#WriterCrushWednesday with Zadie Smith
Zadie Smith, where do we start? It’s something about how you changed your name from Sadie to Zadie when you were 14, opting for the less-common and sharper “zed”, that seems so bad-ass. While the rest of us were trying to figure out what to do with ourselves after graduating college, you were publishing your first novel. Your wit and elegant lines lure us in, but your observations of race, religion, cultural identity, and how we relate to the world leave us positively drooling for more. With complex, vibrant, and diverse characters, your reflection of life and your vision of the world is dynamic and insightful. We love how you keep it real, but add a hint of magicalism. Your embrace of the London state of mind (and vernacular) creates fictional universes that are deliciously, realistically conceivable. You do all this with a grace and skill that sweeps us off our feet. You are so good, and we got it bad.

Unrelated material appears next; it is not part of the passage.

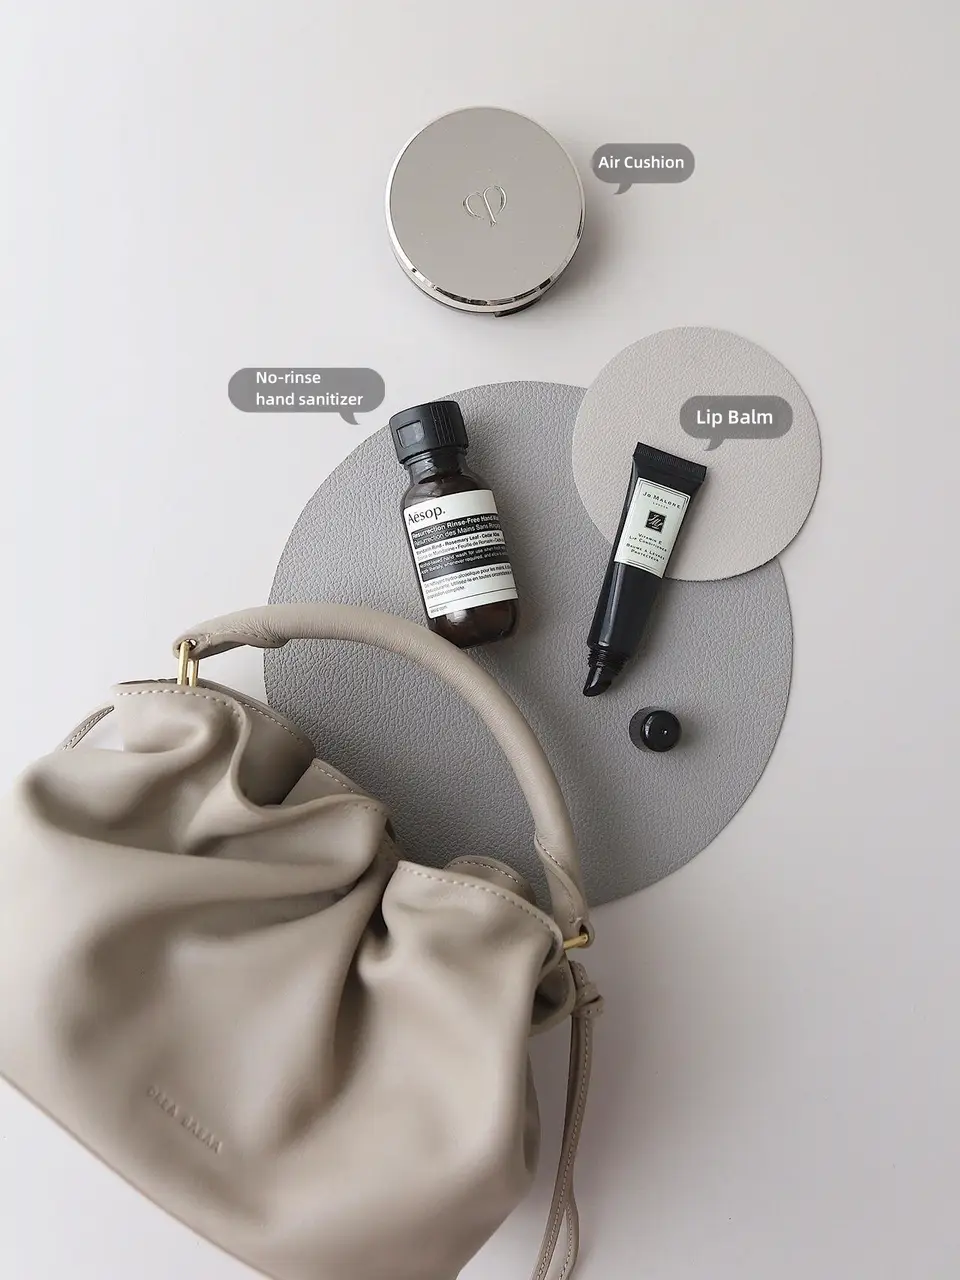 The Handbag Clinic: My Louis Vuitton Noe is repaired! - Fashion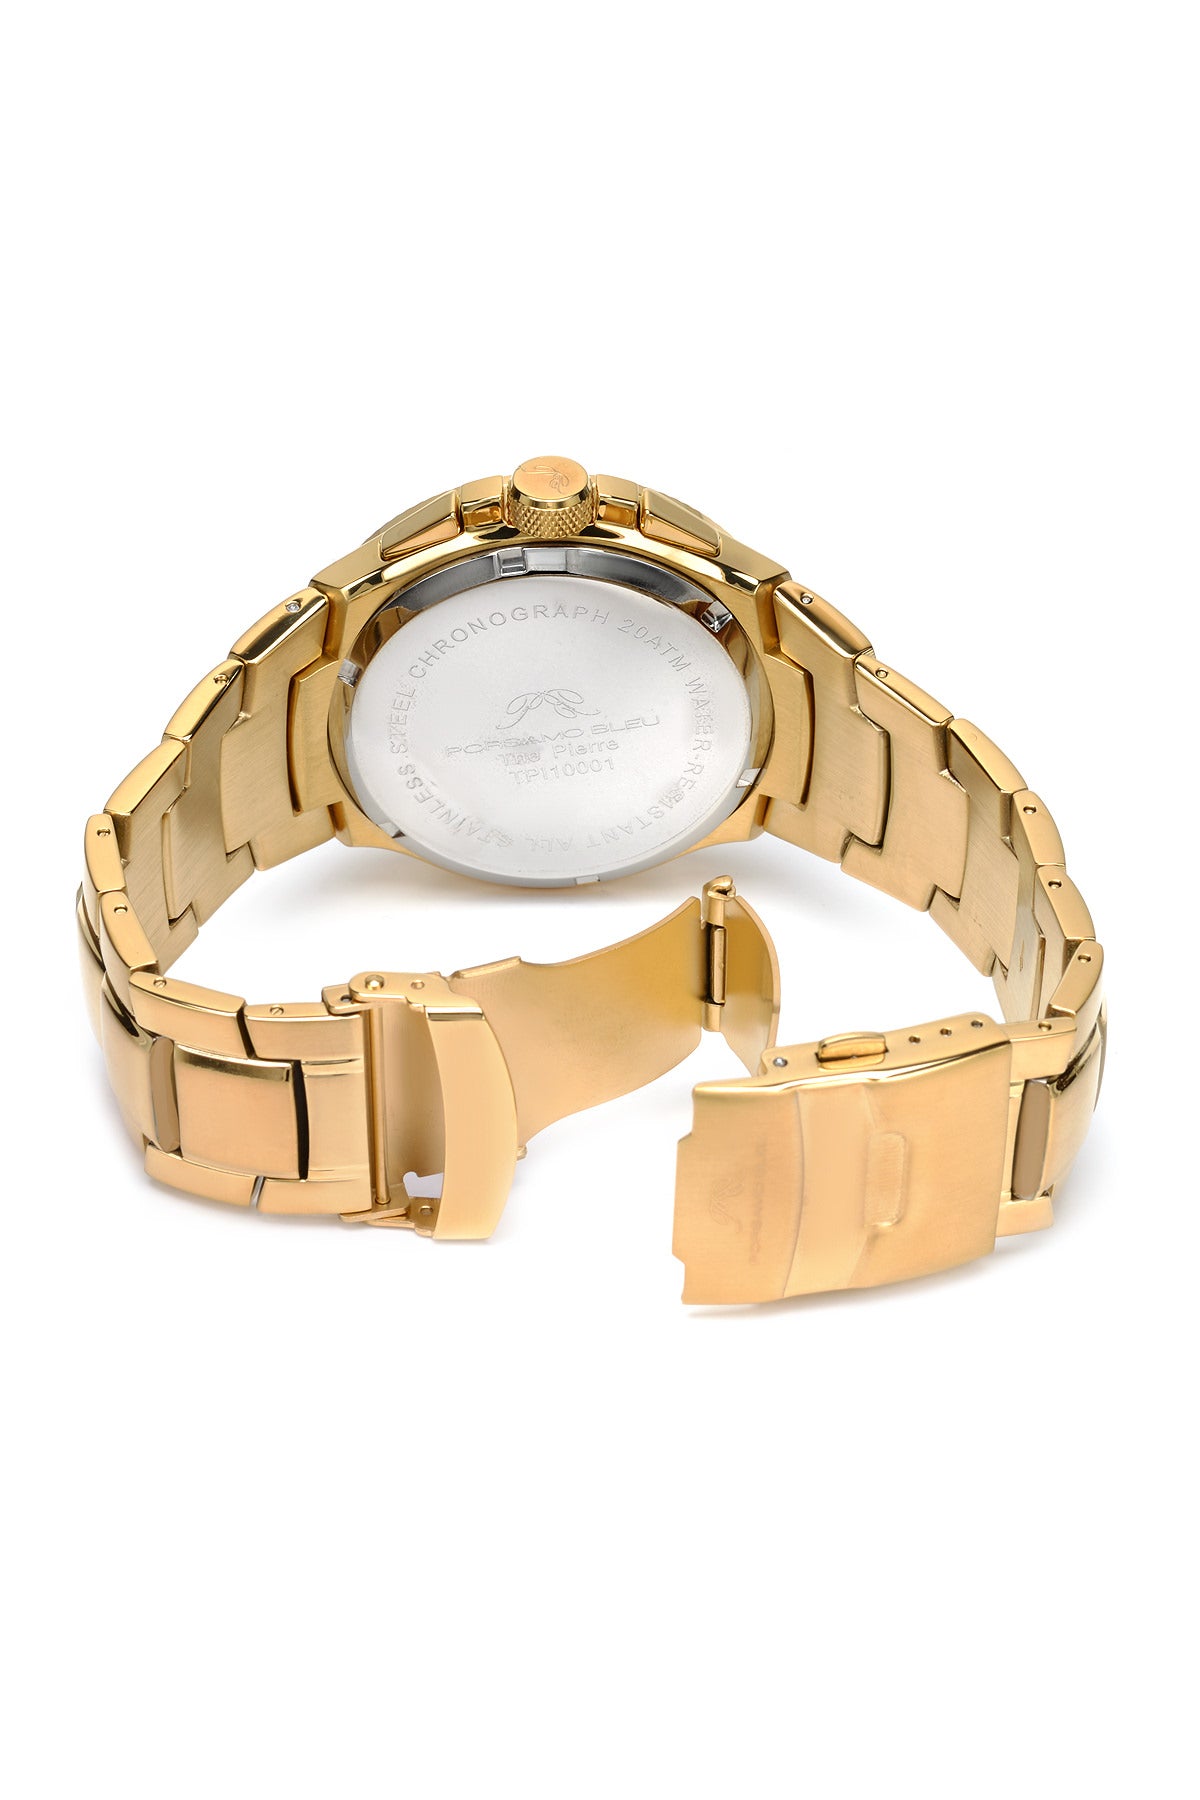 Porsamo Bleu Pierre luxury chronograph men's stainless steel watch, gold tone and blue 253BPIS

Swing Time: This marks the first novel Smith has written in first person. Two young girls who dream of being dancers connect almost subconsciously when they meet in dance class. But only one seems to have the skill to make it. As their friendship grows, so too do their feelings of jealousy toward each other, and though the duo abruptly parts ways, they never truly forget each other. Our narrator goes on to work for international pop star Aimee (think Beyonce), while her friend Tracey dances as a chorus girl on The West End. Ruminating on rhythm, movement, and female friendships, Swing Time explores race, privilege, and identify shifting across time and space.
NW: Four northwest Londoners try to navigate life as adults in the ever complex city, teeming with an urban edge that will seem quite familiar to city-dwellers. Each character written expertly in their own unique voice, they explore marriage, friendship, family and whether or not to take the high road. Smith creates fictional circumstances in a very real London in NW that allows readers a diverse environment to explore while reading.
On Beauty: Two different families become ever more intertwined despite themselves. Howard Besley, a university professor in Wellington (a fictional town near Boston), rivals with ultra-conservative Monty Kipps residing in Britain. Even across an ocean, the families battle out cultural differences. After unlikely coincidences unite Besley’s son and Kipps’ daughter to be married, Kipps moves his family to Wellington and becomes a guest lecturer at Besley’s university. While the men’s rivalry seems to grow, their wives surprisingly find kindred spirits in each other. Smith’s deadpan wit rings true in this homage to E.M. Forster’s Howards End.
The Autograph Man: As a child, Londoner Alex-Li Tandem’s father took him and two friends to a pro-wrestling match, when his father abruptly died from a heart attack while they were waiting in line for an autograph. Flash forward to 27-year-old Alex, who is an autograph trader, working in a world that highly values symbols, signs and paper. His romantic relationship is as unsteady as his faith in any religion. It seems Alex’s only certainty is his need for the signature of one reclusive former movie star by the name of Kitty Alexander. His search for this treasure takes him to New York, meeting one bold personality after another along the way.
White Teeth: This debut novel was published when Smith was just 24 years old. Smith won the Guardian First Book Award and the Sunday Times Young Writer of the Year Award, just to name a few. White Teeth catches up with Archie Jones (English) and Samad Iqbal (Bengali) many years after they first meet during WWII and follows them through the next 50 years of their lives.